* What to do *
For this exercise, return exactly the lines of the material below that begin at the one with "Designed in the" and stop after the one with "Pink rose Case for Redmi 6 Pro".

* Given records *
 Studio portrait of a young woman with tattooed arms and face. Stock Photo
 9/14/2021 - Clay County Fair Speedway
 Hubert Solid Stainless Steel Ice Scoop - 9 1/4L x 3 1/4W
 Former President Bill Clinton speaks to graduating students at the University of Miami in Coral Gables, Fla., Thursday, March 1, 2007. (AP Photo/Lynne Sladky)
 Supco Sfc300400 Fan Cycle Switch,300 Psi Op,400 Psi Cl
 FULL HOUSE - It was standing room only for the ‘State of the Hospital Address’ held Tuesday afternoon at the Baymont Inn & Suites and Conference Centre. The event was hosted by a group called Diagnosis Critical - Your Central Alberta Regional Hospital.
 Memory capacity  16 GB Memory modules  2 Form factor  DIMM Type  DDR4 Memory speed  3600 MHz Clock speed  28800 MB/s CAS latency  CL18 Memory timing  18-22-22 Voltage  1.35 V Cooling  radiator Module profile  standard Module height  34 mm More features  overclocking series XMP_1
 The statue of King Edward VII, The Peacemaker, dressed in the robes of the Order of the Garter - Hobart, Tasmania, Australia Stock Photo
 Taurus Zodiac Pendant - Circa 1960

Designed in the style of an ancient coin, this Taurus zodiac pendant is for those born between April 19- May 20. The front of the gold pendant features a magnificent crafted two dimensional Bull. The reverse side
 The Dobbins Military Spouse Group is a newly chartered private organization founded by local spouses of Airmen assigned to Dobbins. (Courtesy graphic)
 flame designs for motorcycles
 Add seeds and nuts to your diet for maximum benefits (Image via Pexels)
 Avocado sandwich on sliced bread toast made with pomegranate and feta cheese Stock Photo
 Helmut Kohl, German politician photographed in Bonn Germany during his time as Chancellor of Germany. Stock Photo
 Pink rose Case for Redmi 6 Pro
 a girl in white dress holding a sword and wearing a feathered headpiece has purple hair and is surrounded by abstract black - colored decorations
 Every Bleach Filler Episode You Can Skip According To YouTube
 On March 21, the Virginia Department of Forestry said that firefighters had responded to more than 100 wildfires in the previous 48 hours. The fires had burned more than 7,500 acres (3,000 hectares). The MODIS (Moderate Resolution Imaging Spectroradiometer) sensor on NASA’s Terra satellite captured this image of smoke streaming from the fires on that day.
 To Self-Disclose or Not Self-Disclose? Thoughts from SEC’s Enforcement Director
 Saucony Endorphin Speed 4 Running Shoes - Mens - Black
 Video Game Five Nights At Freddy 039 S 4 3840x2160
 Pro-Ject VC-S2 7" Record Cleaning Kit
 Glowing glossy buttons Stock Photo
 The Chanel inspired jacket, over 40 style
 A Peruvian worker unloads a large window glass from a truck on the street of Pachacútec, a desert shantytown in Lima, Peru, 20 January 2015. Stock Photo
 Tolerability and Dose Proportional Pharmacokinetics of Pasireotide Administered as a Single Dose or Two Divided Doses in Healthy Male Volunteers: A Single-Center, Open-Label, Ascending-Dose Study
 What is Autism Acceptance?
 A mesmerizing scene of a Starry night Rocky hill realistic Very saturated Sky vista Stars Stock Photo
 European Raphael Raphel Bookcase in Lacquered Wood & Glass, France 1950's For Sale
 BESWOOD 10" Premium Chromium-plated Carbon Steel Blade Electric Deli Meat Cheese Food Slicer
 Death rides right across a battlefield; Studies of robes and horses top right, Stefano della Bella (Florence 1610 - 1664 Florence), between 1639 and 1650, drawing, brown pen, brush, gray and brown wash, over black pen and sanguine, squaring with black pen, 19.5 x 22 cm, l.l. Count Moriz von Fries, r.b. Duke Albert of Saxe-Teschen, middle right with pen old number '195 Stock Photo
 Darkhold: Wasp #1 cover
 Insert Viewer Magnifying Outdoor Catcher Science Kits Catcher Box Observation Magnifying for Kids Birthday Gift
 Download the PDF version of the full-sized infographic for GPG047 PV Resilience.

* Solution for this exercise *
Designed in the style of an ancient coin, this Taurus zodiac pendant is for those born between April 19- May 20. The front of the gold pendant features a magnificent crafted two dimensional Bull. The reverse side
 The Dobbins Military Spouse Group is a newly chartered private organization founded by local spouses of Airmen assigned to Dobbins. (Courtesy graphic)
 flame designs for motorcycles
 Add seeds and nuts to your diet for maximum benefits (Image via Pexels)
 Avocado sandwich on sliced bread toast made with pomegranate and feta cheese Stock Photo
 Helmut Kohl, German politician photographed in Bonn Germany during his time as Chancellor of Germany. Stock Photo
 Pink rose Case for Redmi 6 Pro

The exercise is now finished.